Accessing list elements

In [36]:

mylist1[0] #Python indexing starts from 1

Out[36]:

'Sheldon'

In [37]:

mylist1[1]

Out[37]:

'Male'

In [38]:

mylist1[2]

Out[38]:

Appending to a list

In [39]:

mylist2=['L.A','No 173', "CR108877"]
final_list=mylist1+mylist2
final_list

Out[39]:

['Sheldon', 'Male', 25, 'L.A', 'No 173', 'CR108877']

Here we added both the lists, by the command called mylist1+mylist2 and then we can see the final list of 1 and 2.

Updating list elements

We can update the lists.

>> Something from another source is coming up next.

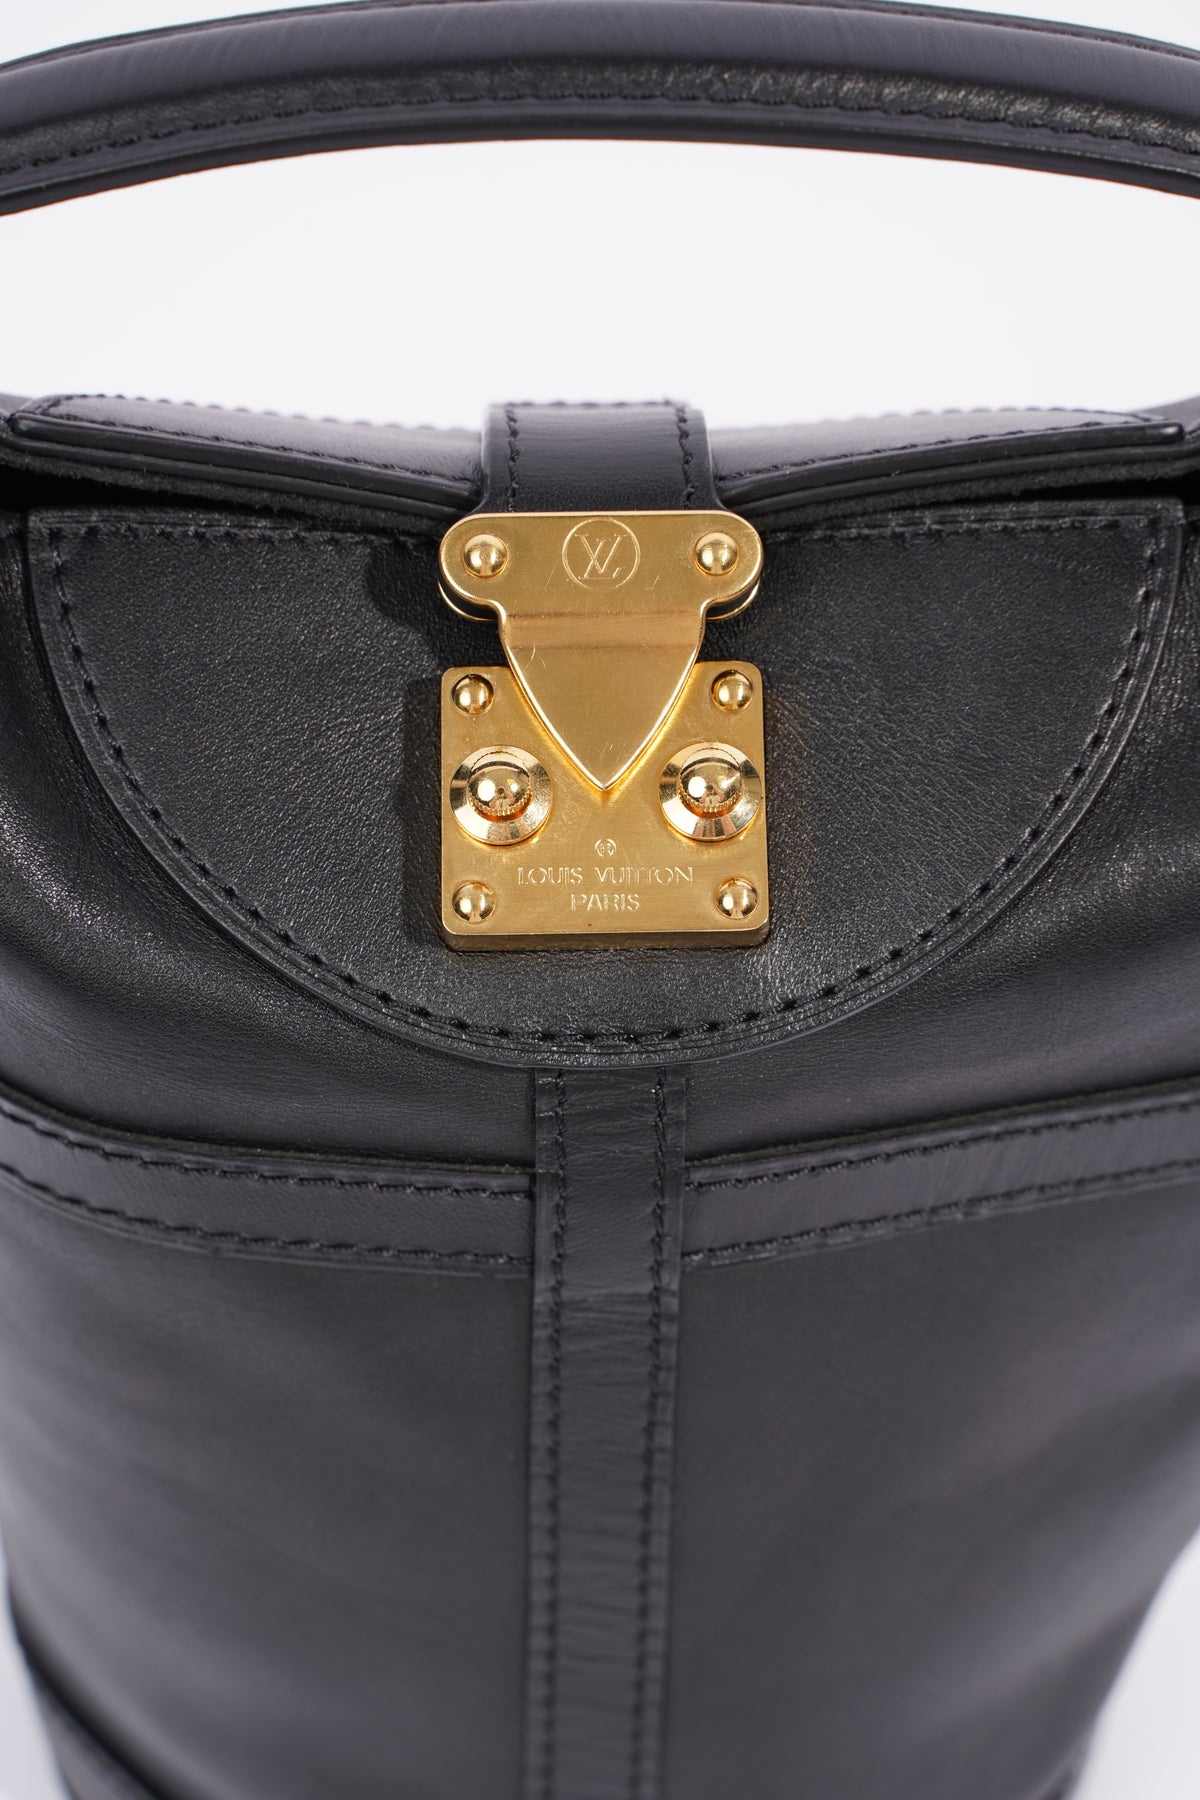 Louis Vuitton Duffle Top Handle Bag Black Leather – Luxe Collective

Here, we are updating the second element as 35.

In [40]:

final_list[2]=35
final_list

Out[40]:

['Sheldon', 'Male', 35, 'L.A', 'No 173', 'CR108877']

Length of list

length(final_list) – If we execute this command the length of the list will be displayed.

In [41]:

len(final_list)

Out[41]:

Deleting an element in list

If we need to delete an element, then just use the del(final_list[5]) and execute it. It will delete the last element in the final_list which can be checked by executing it.

In [42]:

del final_list[5]
final_list

Out[42]:

['Sheldon', 'Male', 35, 'L.A', 'No 173']

Tuples

Another datatype is tuples. This are very similar to list as they are also sequential datatypes and can add different type of data variables or strings or integer. The only difference between list and tuples is that tuples cannot update i.e., cannot able to change.

Also sequence data types.
Created using parenthesis. Lists were created using square brackets.
Tuples can’t be updated.

In [43]:

my_tuple=('Mark','Male', 55)
my_tuple

Out[43]:

('Mark', 'Male', 55)

In [44]:

my_tuple[1]

Out[44]:

'Male'

In [45]:

my_tuple[2]

Out[45]:

In [46]:

my_tuple[0]*10

Out[46]:

'MarkMarkMarkMarkMarkMarkMarkMarkMarkMark'

Here, in tuples, we are just using () i.e., parenthesis for creating tuples.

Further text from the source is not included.